Palmieri TL, Nelson-Mooney K, Kagan RJ, Stubbs TK, Meyer WJ, Herndon DN, Hinson MI, Lee AFS, Li NC, Kazis LE, Tompkins RG. J. Trauma Acute Care Surg. 2012; 73(3 Suppl 2): S197-204.

Affiliation

Shriners Hospitals for Children-Northern California (T.L.P, K.N.-M.), Sacramento, California; Shriners Hospitals for Children-Cincinnati (R.J.K., T.K.S.), Cincinnati, Ohio; Shriners Hospitals for Children-Galveston (W.J.M., D.N.H.), Galveston, Texas; Shriners Hospitals for Children-Boston (M.I.H., R.G.T), University of California Davis Medical Center; Massachusetts General Hospital (A.F.L.); and Boston University School of Public Health (N.-C.L., L.E.K.) Boston, Massachusetts.

Copyright

(Copyright © 2012, Lippincott Williams and Wilkins)

DOI

10.1097/TA.0b013e318265c7ff

PMID

22929547

Abstract

BACKGROUND: The purpose of this multicenter study was to evaluate the impact of hand burn injury in preschool children younger than 5 years on health-related quality of life, including both physical and psychosocial function, in the 5 years after burn injury. METHODS: This prospective case series assessed children younger than 5 years admitted to four pediatric burn centers. Each child's family completed the American Burn Association/Shriners Hospitals for Children Burn Outcome Questionnaire (BOQ), a validated and reliable assessment tool, which measures the physical and psychosocial functioning of the child with burn injury ages 0 year to 5 years, at baseline, 3, 6, 12, 18, 24, 36, and 48 months after discharge. Multivariate models controlling for sociodemographic and clinical characteristics were developed, and recovery curves were generated for the time since burn using generalized estimating equations with random effects.
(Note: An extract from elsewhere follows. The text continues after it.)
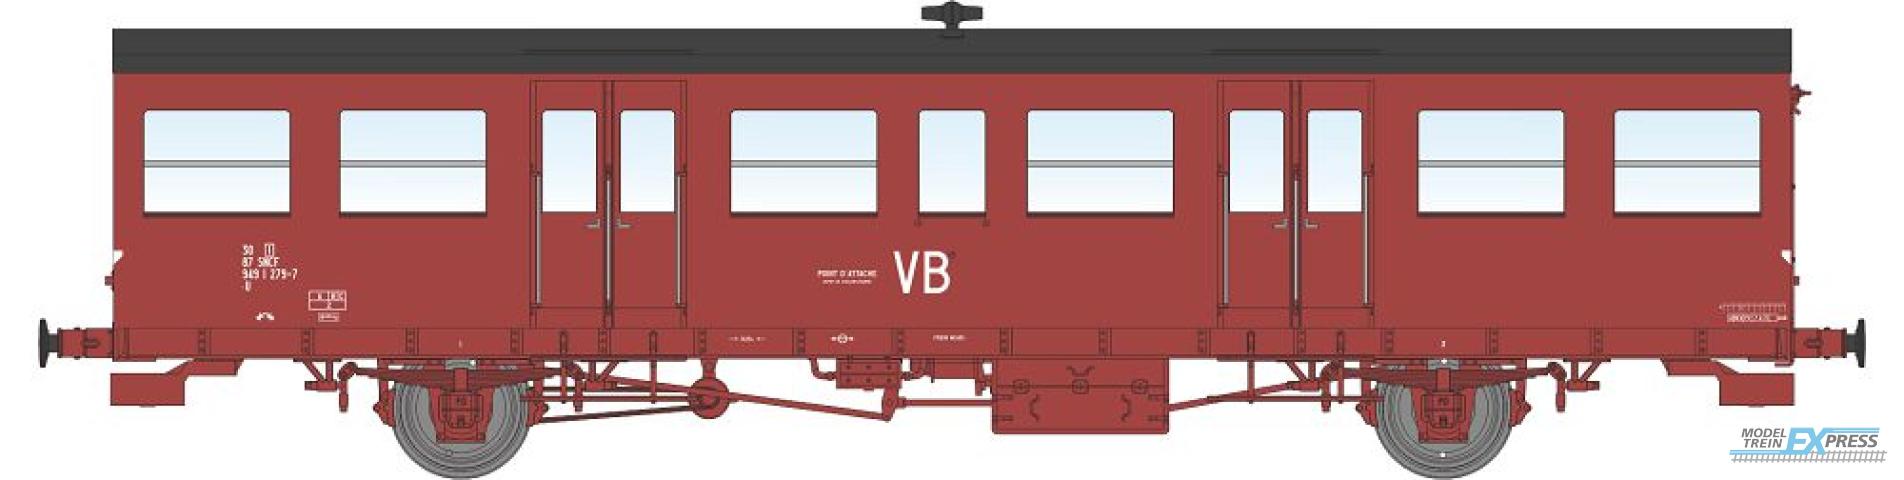 REE models VB-155 Southwest Car, little gutters, modern lantern holder, Red VB Era IV
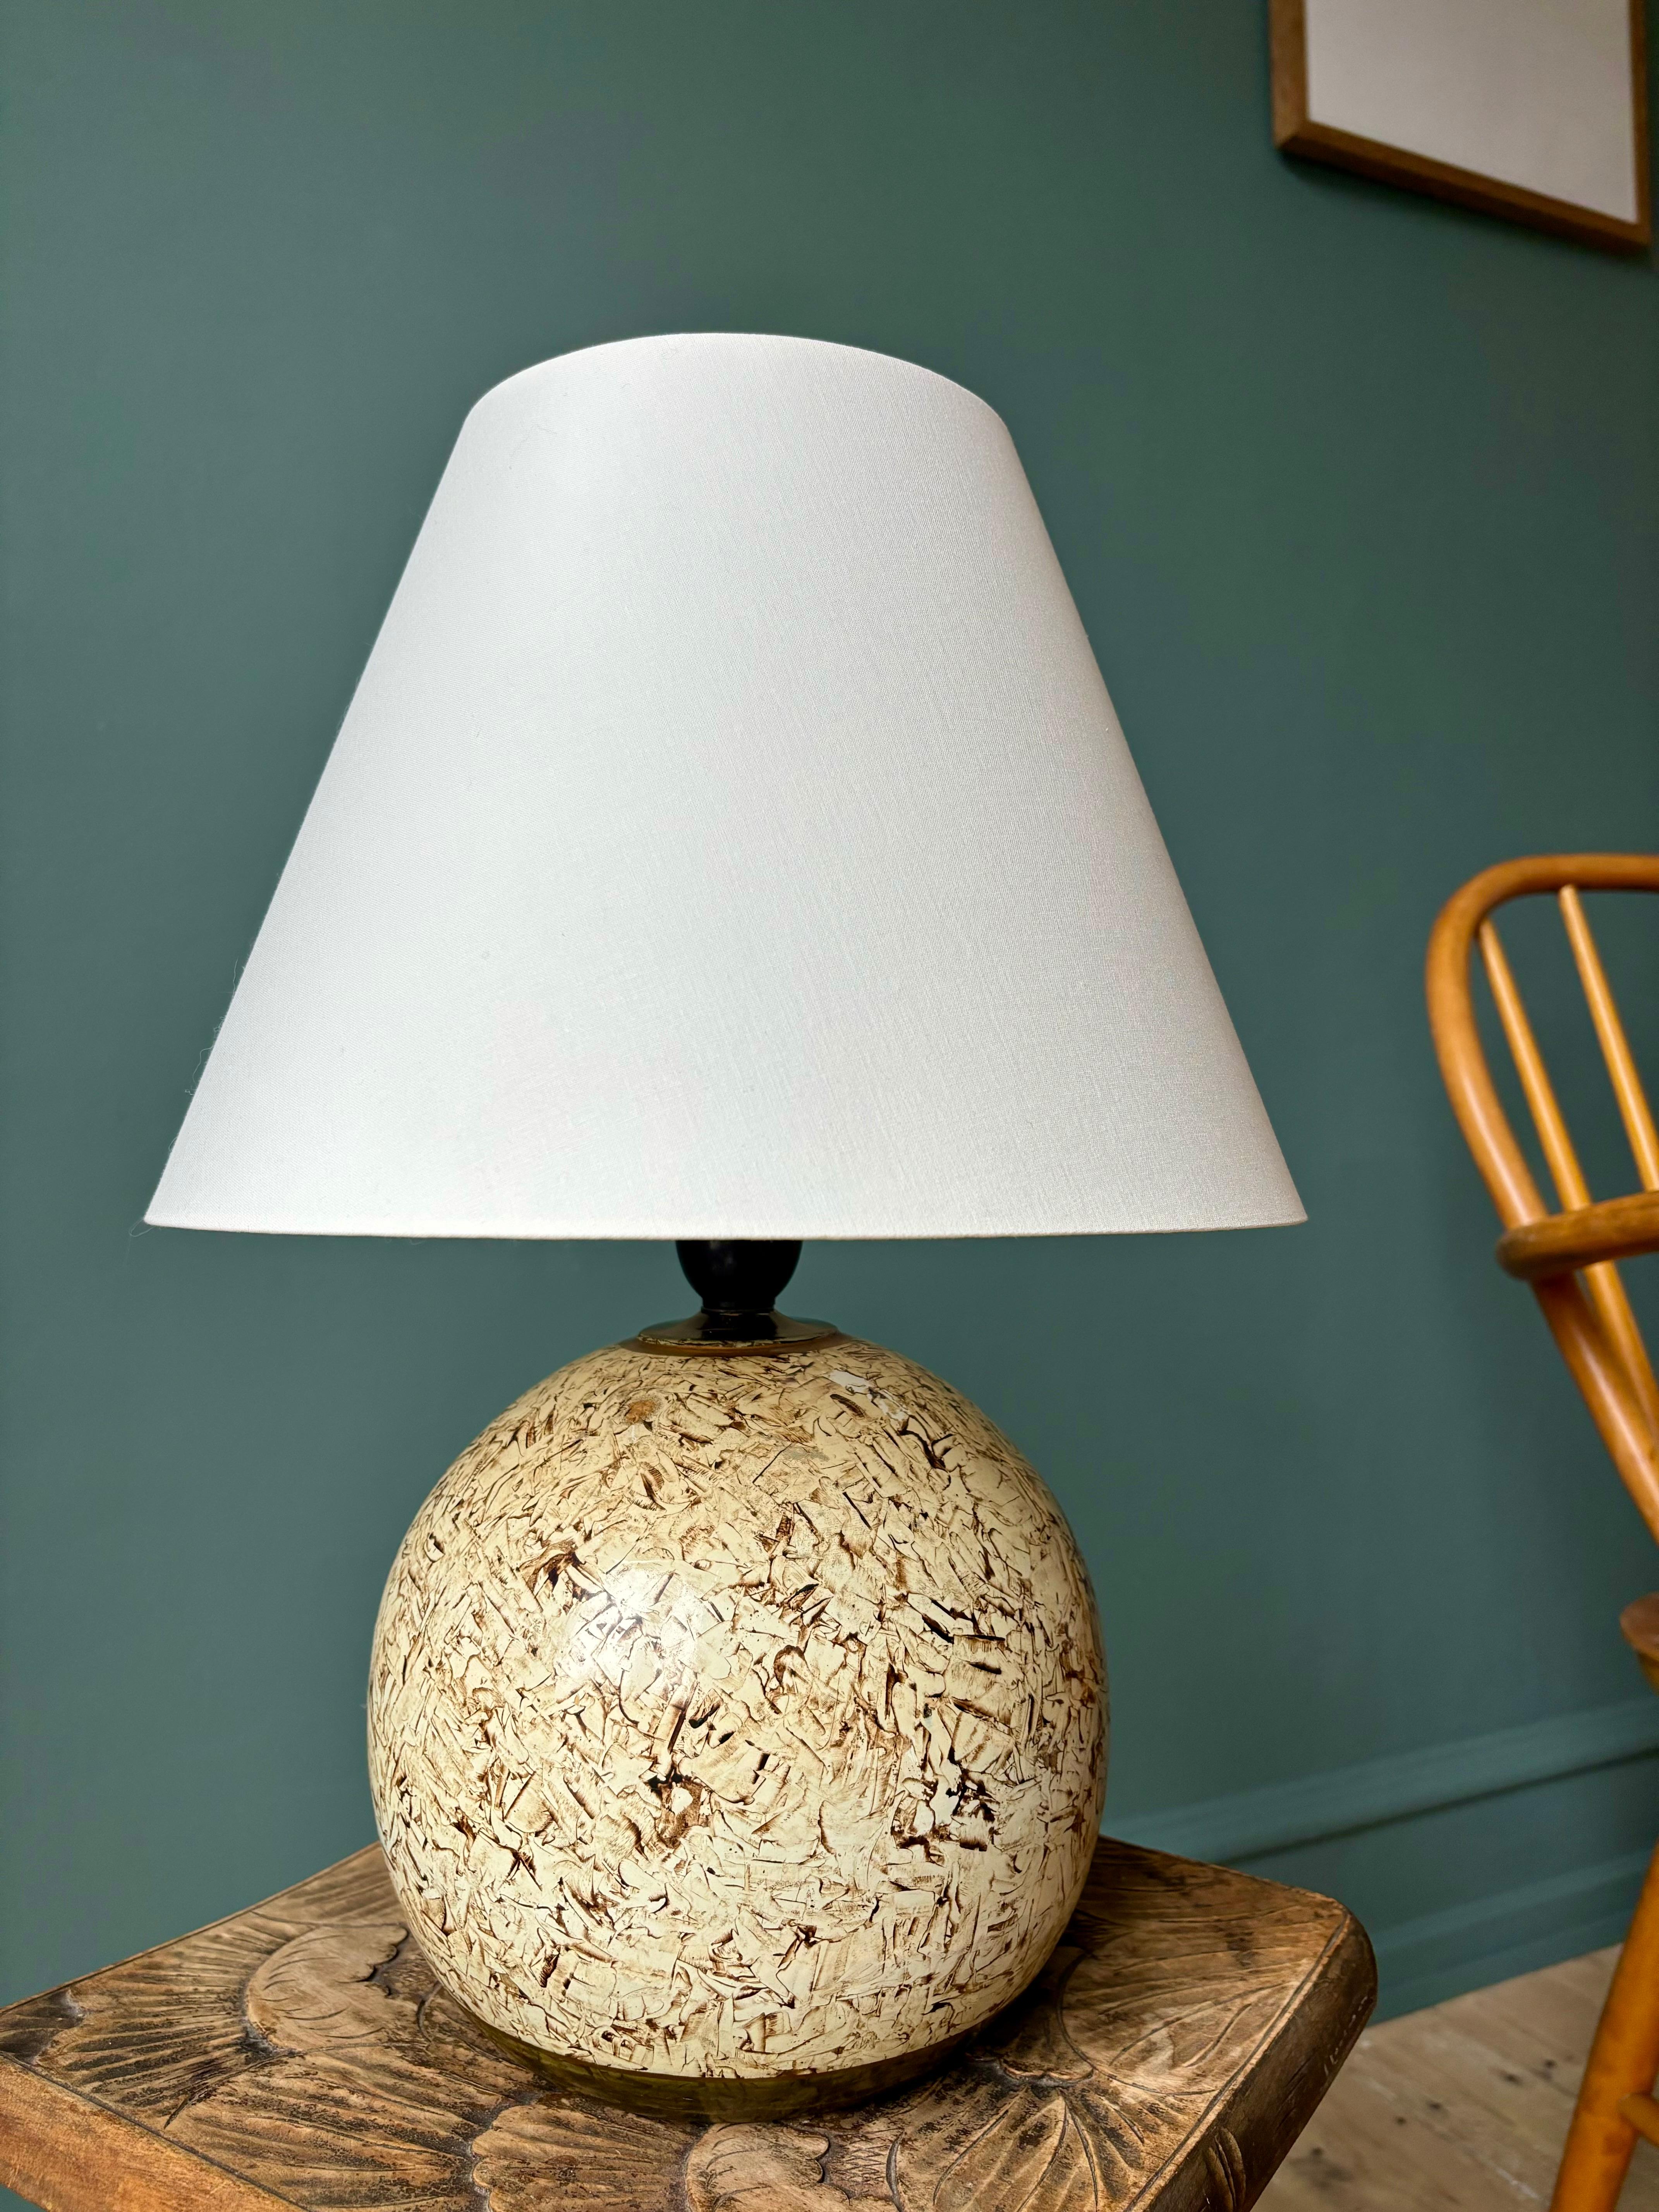 Außergewöhnliche kugelförmige Tischlampe aus Keramik in warmen Braun-, Hellgelb-, Olivgrün- und Goldtönen. Aufwändig handbemaltes organisches Dekor, das sich wie Papier anfühlt. Neu verdrahtet mit Originalarmatur mit Schalter. Großartiger

RESULTS: A cohort of 438 patients was followed up prospectively. Mean (SD) patient age was 2.2 (1.2) years, mean (SD) total body surface area (TBSA) was 28% (22.4%), and 19% had inhalation injury. Children with hand burns had lower scores in most of the areas tested, with the most pronounced and significant differences were in fine motor function, gross motor function, and appearance. These findings applied to both small (<20% TBSA) and large (≥20% TBSA) burns. The most profound impact of hand burns was noted in fine and gross motor function during the 4 years of follow-up. CONCLUSION: Children with hand burns have significantly worse outcomes than do children with burns in other areas. LEVEL OF EVIDENCE: Epidemiologic/prognostic study, level III.